Item 6. Contracts, Arrangements, Understandings or Relationships with Respect to the Issuer.
The information set forth in or incorporated by reference in Item 2, 3, 4 and 5 of this Schedule 13D is incorporated by reference into this Item 6.
Item 7. Materials to be Filed as Exhibits.
Exhibit 99.1: Purchase and Sales Agreement dated December 24, 2019 between the Buyer and the Sellers
After reasonable inquiry and to the best of my knowledge and belief, I certify that the information set forth in this statement is true, complete and correct.
Date: January 6, 2020
|FANG HOLDINGS LIMITED|
|By:||/s/ Tianquan Mo|
|Name||Present Principal Occupation or Employment and Business Address|
|Chairman of Fang Holdings Limited and China Index Holdings Limited, c/o Tower A, No. 20 Guogongzhuang Middle Street, Fengtai District, Beijing 100070, PRC|
SALE AND PURCHASE AGREEMENT
Next Decade TECHNOLOGY limited
Media Partner INVESTMENTS limited
FANG Holdings Limited
Dated December 24, 2019
TABLE OF CONTENT
|2.||SALE, PURCHASE, and CONSIDERATION||5|
|3.||CONDITIONS PRECEDENT TO COMPLETION||5|
|4.||REPRESENTATIONS, WARRANTIES AND COVENANTS||7|
|15.||CONSENT TO SPECIFIC PERFORMANCE||11|
|16.||GOVERNING LAW AND DISPUTE RESOLUTION||12|
SALE AND PURCHASE AGREEMENT
THIS SALE AND PURCHASE AGREEMENT (this “Agreement”), dated as of December 24, 2019, by and among:
|(1)||Next Decade Technology Limited, a company incorporated in British Virgin Islands whose registered office is at P.O. Box 957, Offshore Incorporations Centre, Road Town, Tortola, British Virgin Islands (“Seller 1”);|
|(2)||Media Partner Investments Limited, a company incorporated in British Virgin Islands whose registered office is at P.O. Box 957, Offshore Incorporations Centre, Road Town, Tortola, British Virgin Islands. (“Seller 2” and, together with Seller 1, the “Sellers”);|
|(3)||Fang Holdings Limited, a company incorporated in Cayman Islands whose registered office is at P. O. Box 31119 Grand Pavilion, Hibiscus Way, 802 West Bay Road, Grand Cayman, KY1 - 1205 Cayman Islands (the “Purchaser”),|
(together the “Parties”, and individually, a “Party”).

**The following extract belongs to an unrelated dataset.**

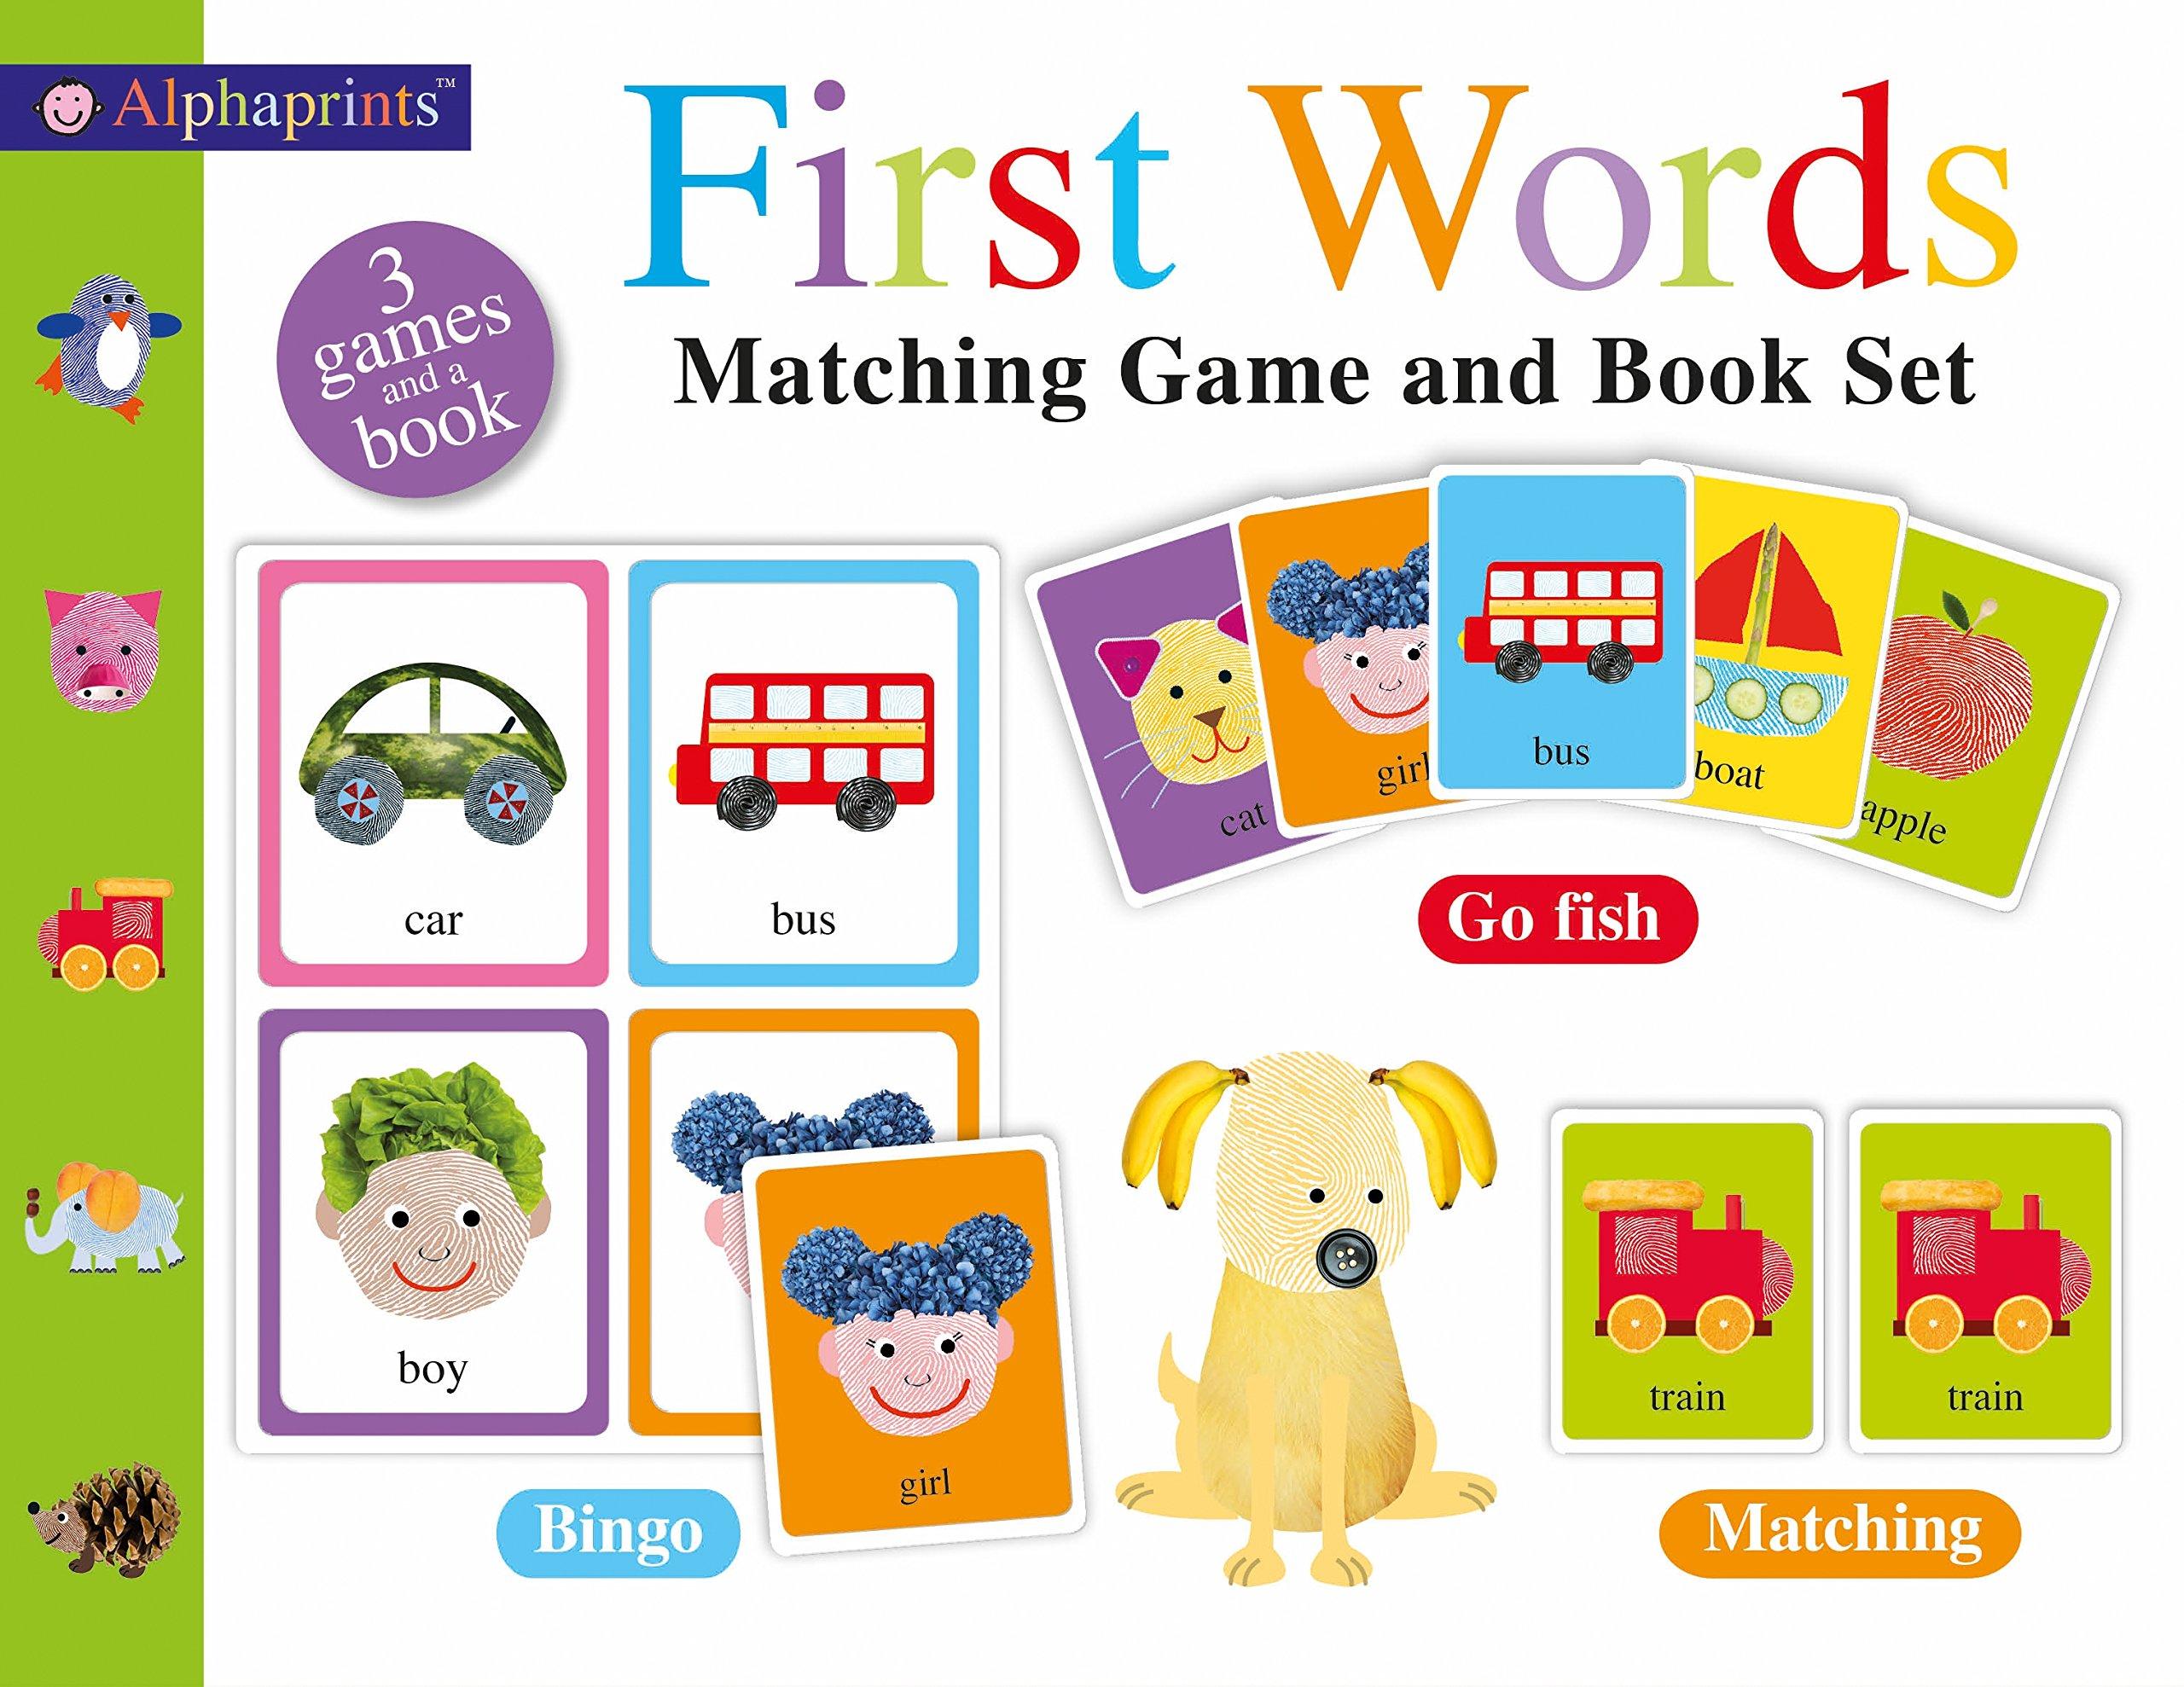 Alphaprints First Words Matching Set

|1.1.||Definitions. In this Agreement where the context so admits, the following words and expressions shall have the following meanings:|
“Affiliate” in relation to any person, means any person that directly or indirectly Controls such person or is directly or indirectly Controlled by such person, or any person that is under direct or indirect common Control with such person.

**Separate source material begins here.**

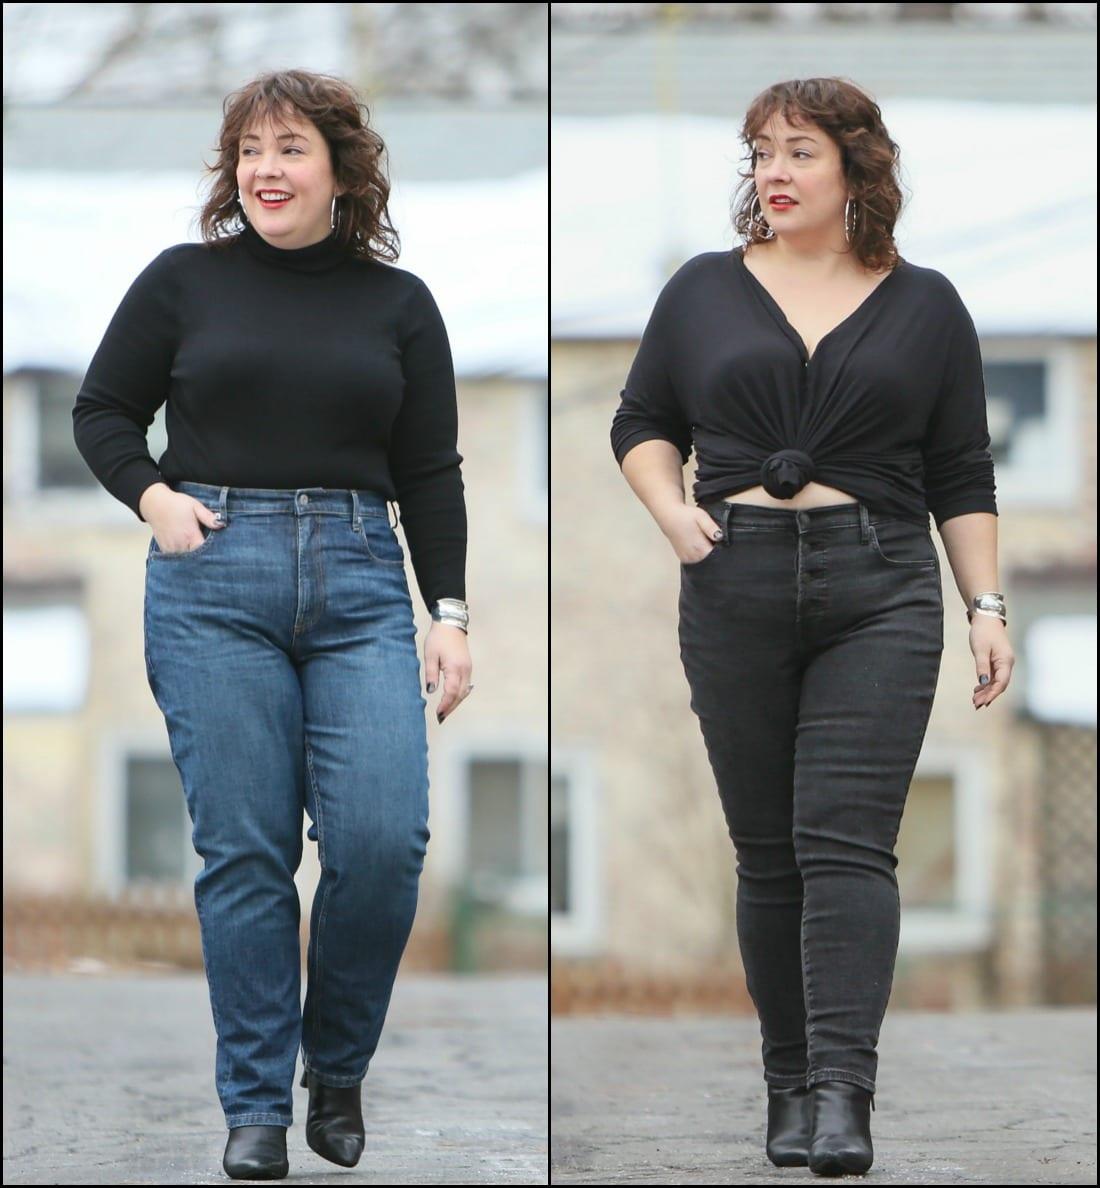 everlane jeans review comparison

“Business Day” means a day (excluding Saturday and Sunday or a bank or public holiday) on which licensed banks are generally open for business in United States.
“Charter Documents” means the currently-in-effect Memorandum and Articles of Association of Next Decade Technology Limited and Media Partner Investments Limited.
“Control” means possession, directly or indirectly, of the power to direct or cause the direction of the operations and management or policies of a person, whether through the ownership of voting securities, power to control, direct or appoint a majority of the directors to the board, by contract or otherwise, and “Controlling”, “Controlled” and “Controls” shall be construed accordingly.
“Encumbrance” means any security interest, pledge, mortgage, lien, charge, claim, hypothecation, title defect, right of first option or refusal, right of pre-emption, third-party right or interests, put or call right, lien, adverse claim of ownership or use, or other encumbrance of any kind.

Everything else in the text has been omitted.